▶ [Action item]: Only the lines from the "Trabajadores clasificando carbón" line through the last line of the material below belong in the answer, reproduced exactly and with no pictures.

▶ [Data section]:

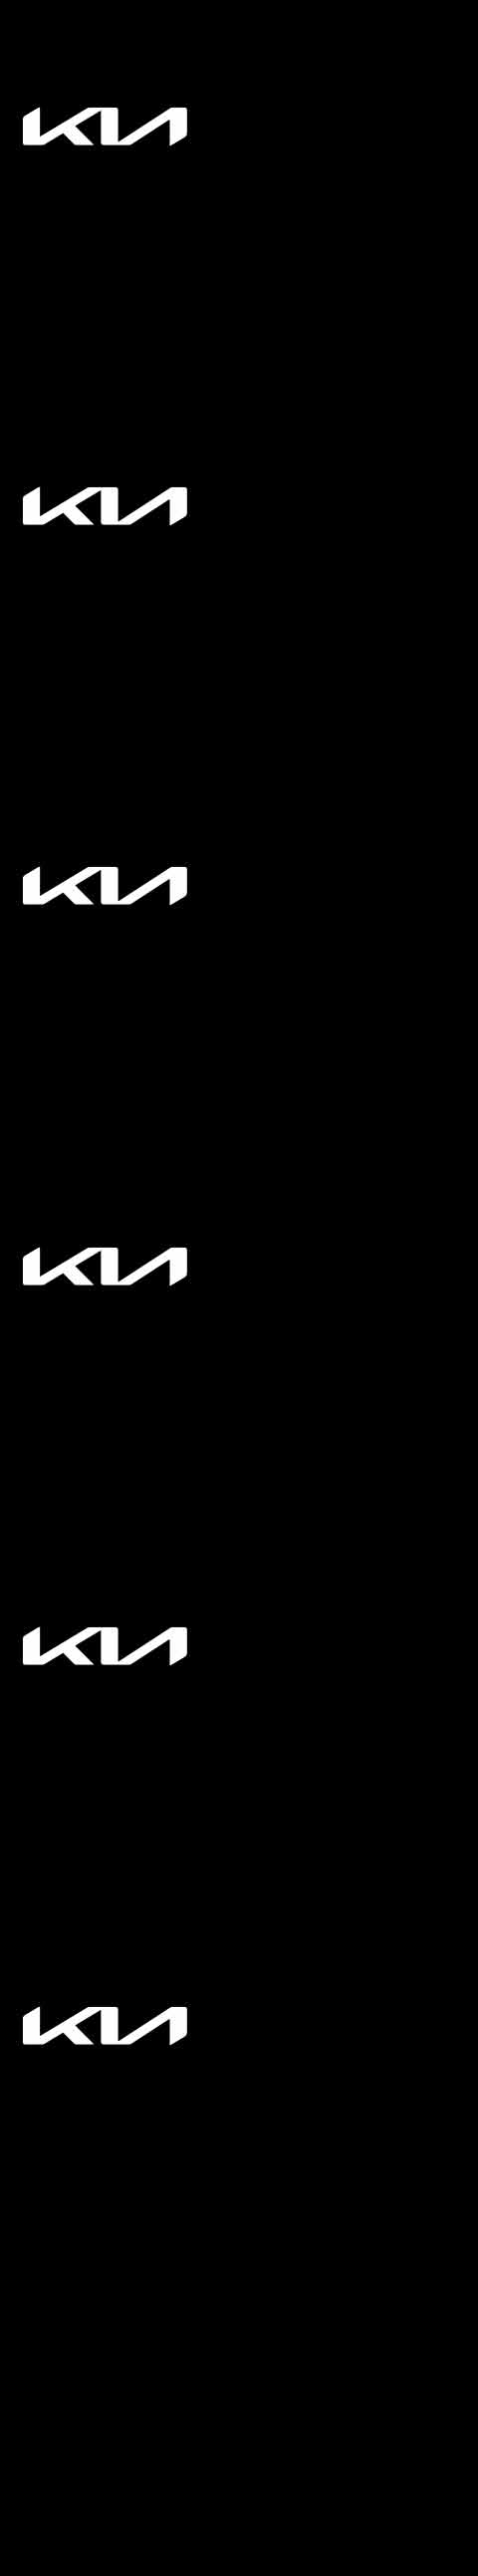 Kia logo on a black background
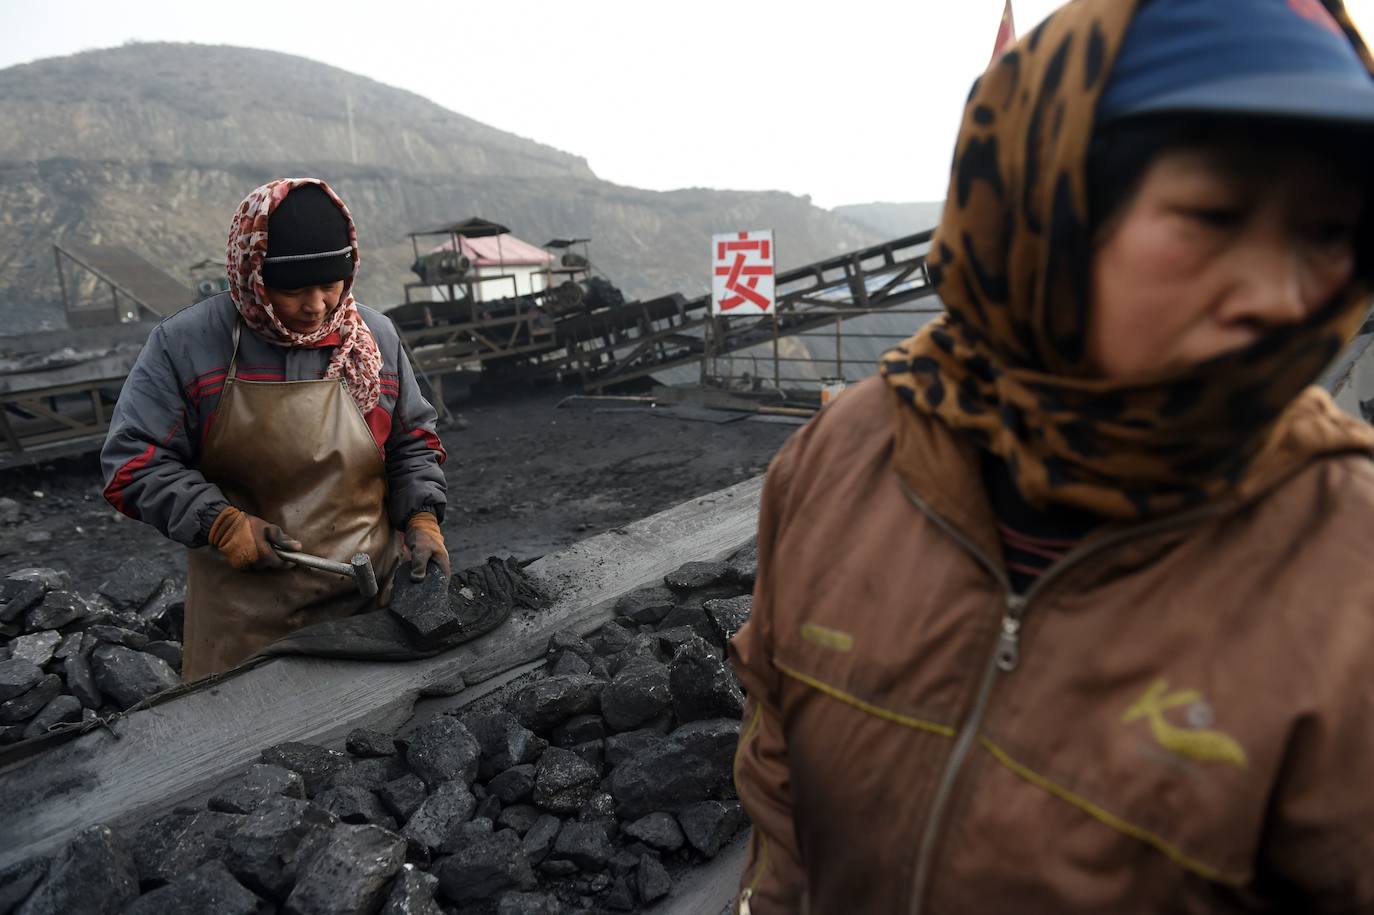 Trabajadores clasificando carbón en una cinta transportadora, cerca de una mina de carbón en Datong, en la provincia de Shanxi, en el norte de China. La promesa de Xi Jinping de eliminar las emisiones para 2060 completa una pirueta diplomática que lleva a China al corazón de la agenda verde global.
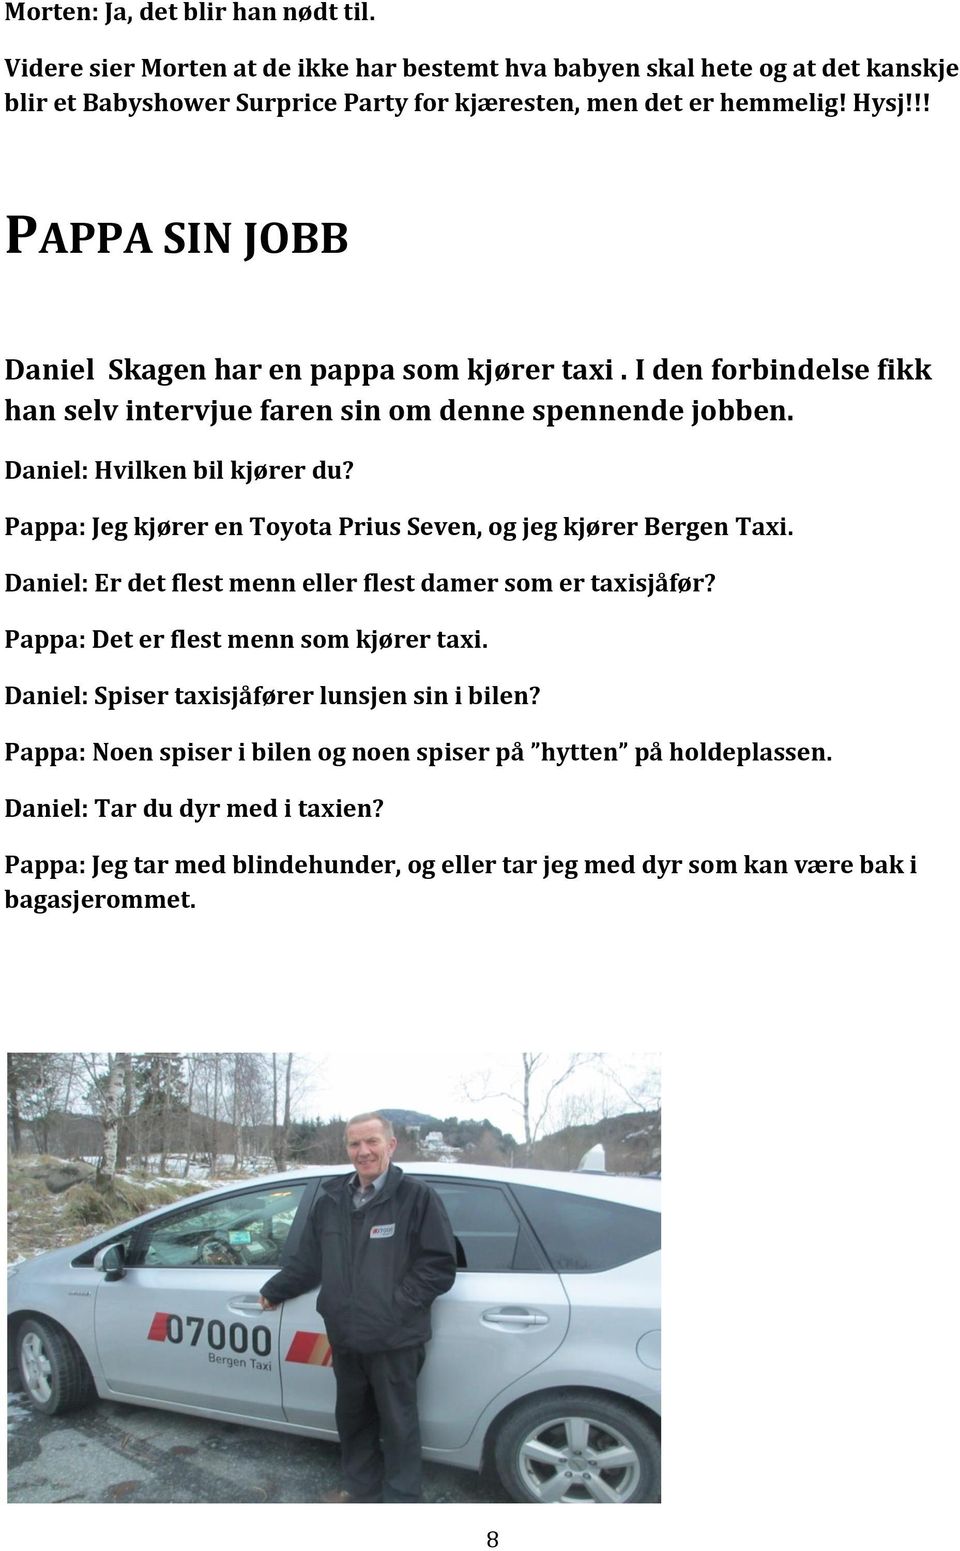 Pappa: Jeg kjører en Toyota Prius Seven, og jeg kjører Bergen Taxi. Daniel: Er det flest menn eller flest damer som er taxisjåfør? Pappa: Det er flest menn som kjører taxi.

▶ [Answer]:
 Trabajadores clasificando carbón en una cinta transportadora, cerca de una mina de carbón en Datong, en la provincia de Shanxi, en el norte de China. La promesa de Xi Jinping de eliminar las emisiones para 2060 completa una pirueta diplomática que lleva a China al corazón de la agenda verde global.
 Pappa: Jeg kjører en Toyota Prius Seven, og jeg kjører Bergen Taxi. Daniel: Er det flest menn eller flest damer som er taxisjåfør? Pappa: Det er flest menn som kjører taxi.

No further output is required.